What I Want You To Know About Motherhood And The New Year

There is so much I want you to know about motherhood and the new year. Mostly, I want you to know that it all matters. 


I had a dream last night.

There was a large dumpster in my garage and I was ceremonially throwing all of my sons’ sweet little baby blankets into it.

The one with the duckies.

The one with the firetrucks.

The soft one that was my absolute favorite.

I was just chucking them into a giant, stinky trash bin.

What I Want You To Know About Motherhood And The New Year

I woke up feeling a deep sense of loss.

It did not take me long to figure out why this dream was a part of my night.

This past year has challenged me unlike any other, to let go of all the ideas I had about motherhood and how this was all going to go. 

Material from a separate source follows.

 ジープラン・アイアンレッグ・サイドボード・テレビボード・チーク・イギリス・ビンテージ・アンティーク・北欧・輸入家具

My youngest son’s CVID diagnosis brought answers we had been searching for – something I am immensely grateful for – and it also brought a need for acceptance.

This is our reality.

What I Want You To Know About Motherhood And The New Year

My oldest son is almost 17. I have one year left before the world decides he is no longer in need of my care. This brings with it more letting go.

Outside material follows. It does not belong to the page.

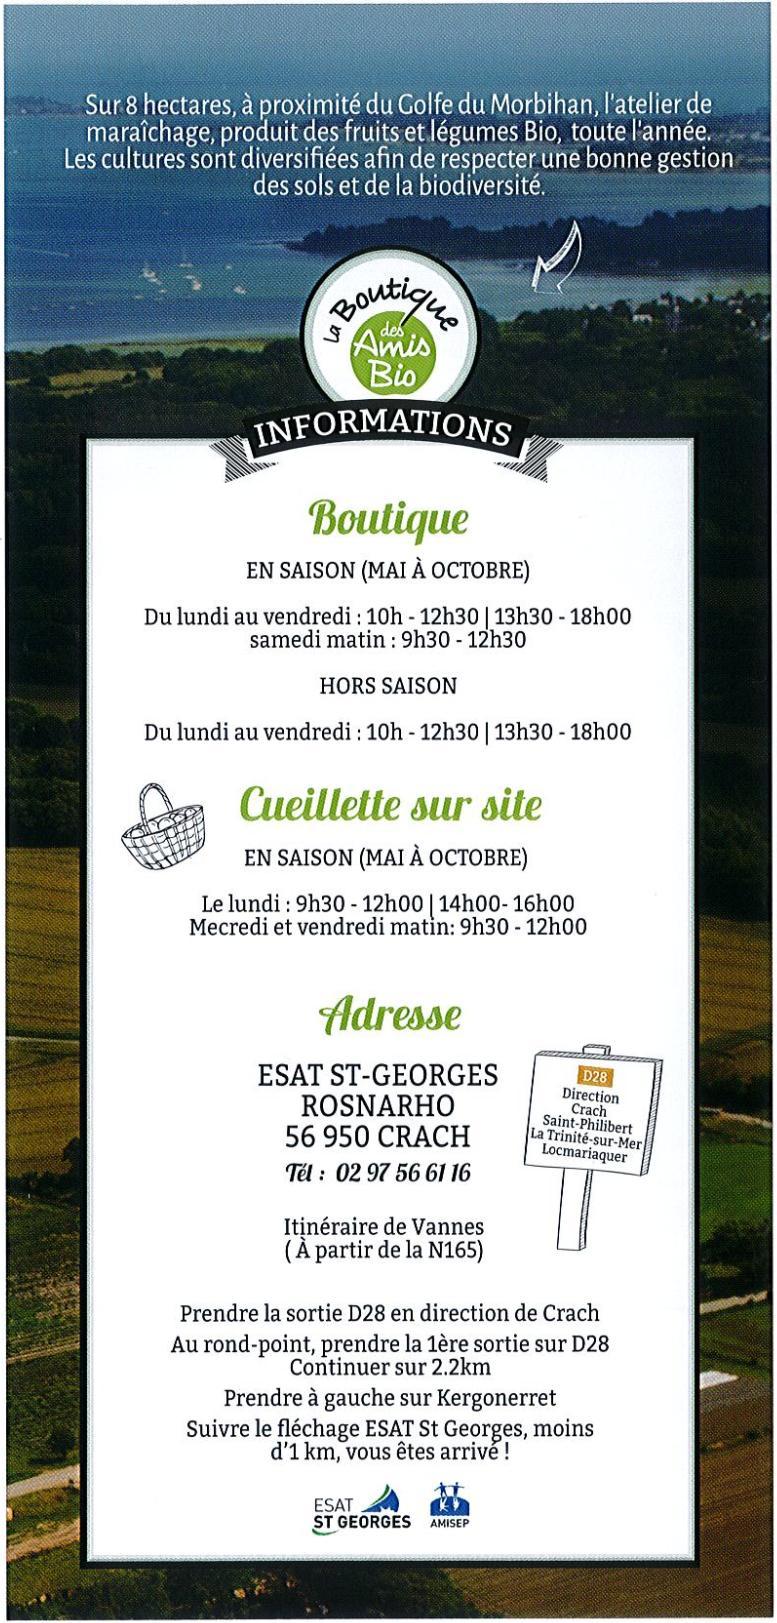 Cueillette sur site fruits et légumes bio Crac'h, Morbihan

I need to plan for his future, to be sure. I also have to accept that being the one in charge of his medical care and education, his daily routine and medication schedule – all of it will need to be worked out, with him and potentially, with the government.

This is our reality.

What I Want You To Know About Motherhood And The New Year

My husband and I have weathered the very worst year in our marriage. We are still here, still trying to figure this life out and still together.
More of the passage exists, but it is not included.